Według ministra Taszkent „nigdy nie zgodzi się na warunki polityczne w zamian za gaz”. Moskwa i Taszkent negocjują dostawy rosyjskiego gazu przez sąsiedni Kazachstan, ale „będzie to kontrakt techniczny” i „nie oznacza sojuszu” – stwierdził Mirzamakhmudow.

Podczas mroźnej zimy Uzbekistan doświadcza niedoboru paliwa i został zmuszony do zaprzestania eksportu sześciu milionów metrów sześciennych gazu dziennie do Chin. Władze kraju negocjują z innymi krajami dodatkowe zakupy gazu ziemnego, energii elektrycznej, węgla i oleju opałowego. Kraj wprowadza zakaz eksportu skroplonego gazu ziemnego.

„Aby pokryć popyt, zapewnić konsumpcję krajową i rozwiązać problem, dziś negocjujemy import gazu i energii elektrycznej z krajów sąsiednich, a nie poprzez jakiś sojusz czy unię. Tutaj negocjujemy w oparciu o interesy narodowe, aby współpracować na podstawie umowy handlowej, sprzedaży i zakupu, a nie poprzez przeniesienie naszych sieci energetycznych” – powiedział Mirzamakhmudov .

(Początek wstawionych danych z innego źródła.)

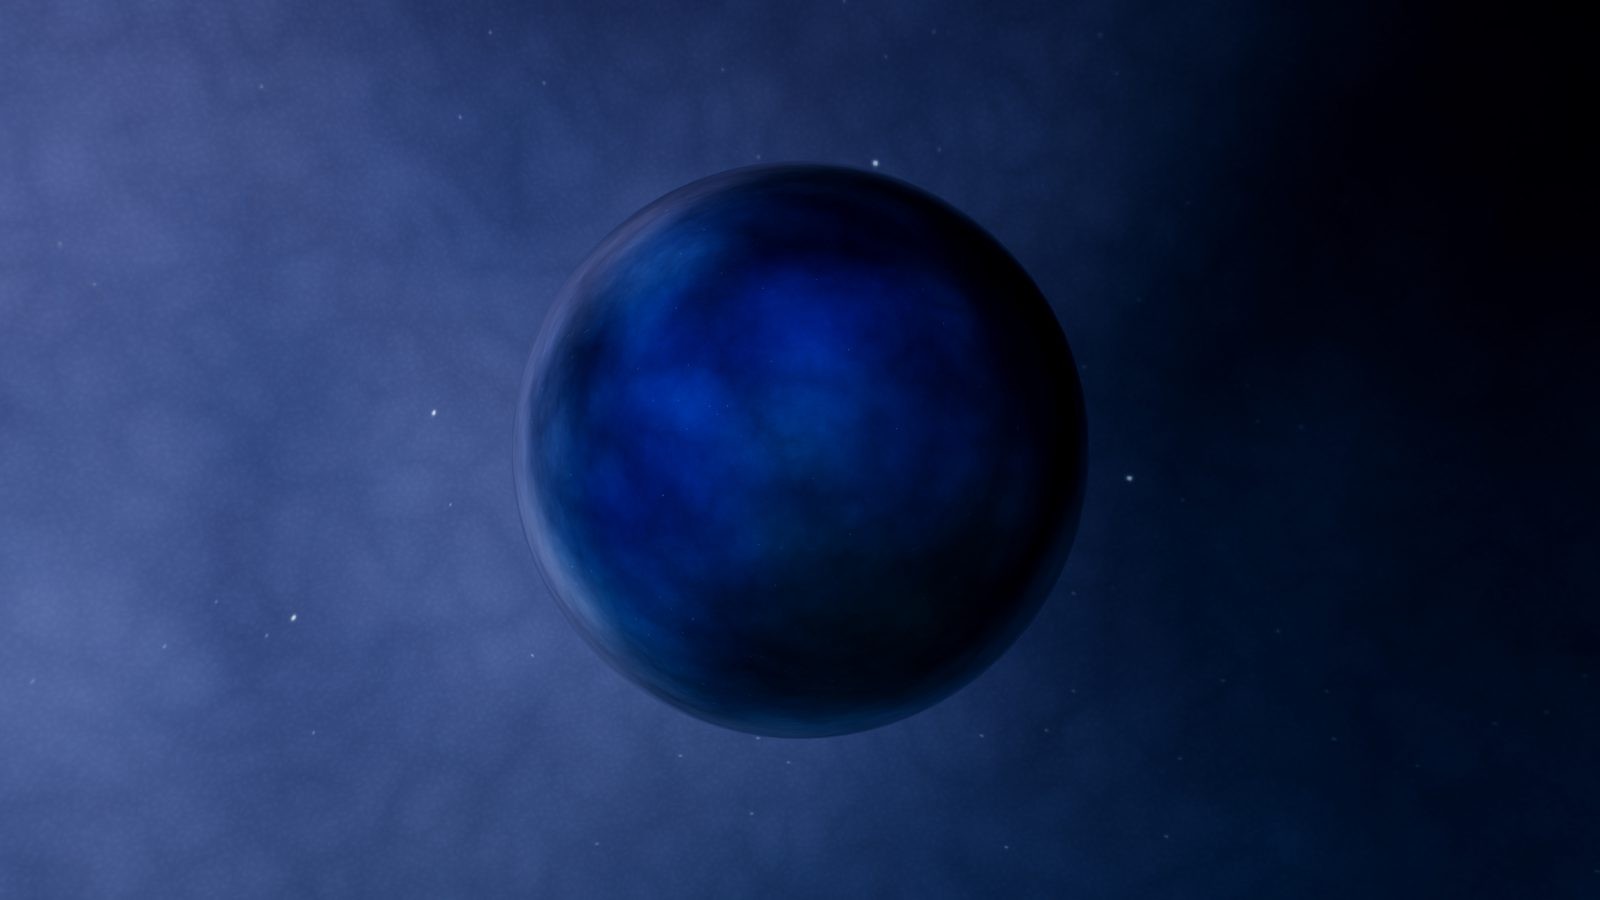 Symulacje wskazują, że w Układzie Słonecznym kryje się tajemnicza dziewiąta planeta. Jak duża? (fot. Getty Images)

Wcześniej o inicjatywie utworzenia unii gazowej z Uzbekistanem dyskutowali prezydenci Rosji i Kazachstanu – Władimir Putin i Kassym-Żomart Tokajew. Jednak ani Astana, ani Taszkent nie są nią zainteresowane ze względu na groźbę wtórnych sankcji. 30 listopada, komentując propozycję utworzenia trójstronnej unii gazowej między Moskwą, Astaną i Taszkentem, wiceminister spraw zagranicznych Kazachstanu Roman Wasilenko podkreślił, że kraj nie pozwoli na wykorzystanie swojego terytorium do obejścia sankcji.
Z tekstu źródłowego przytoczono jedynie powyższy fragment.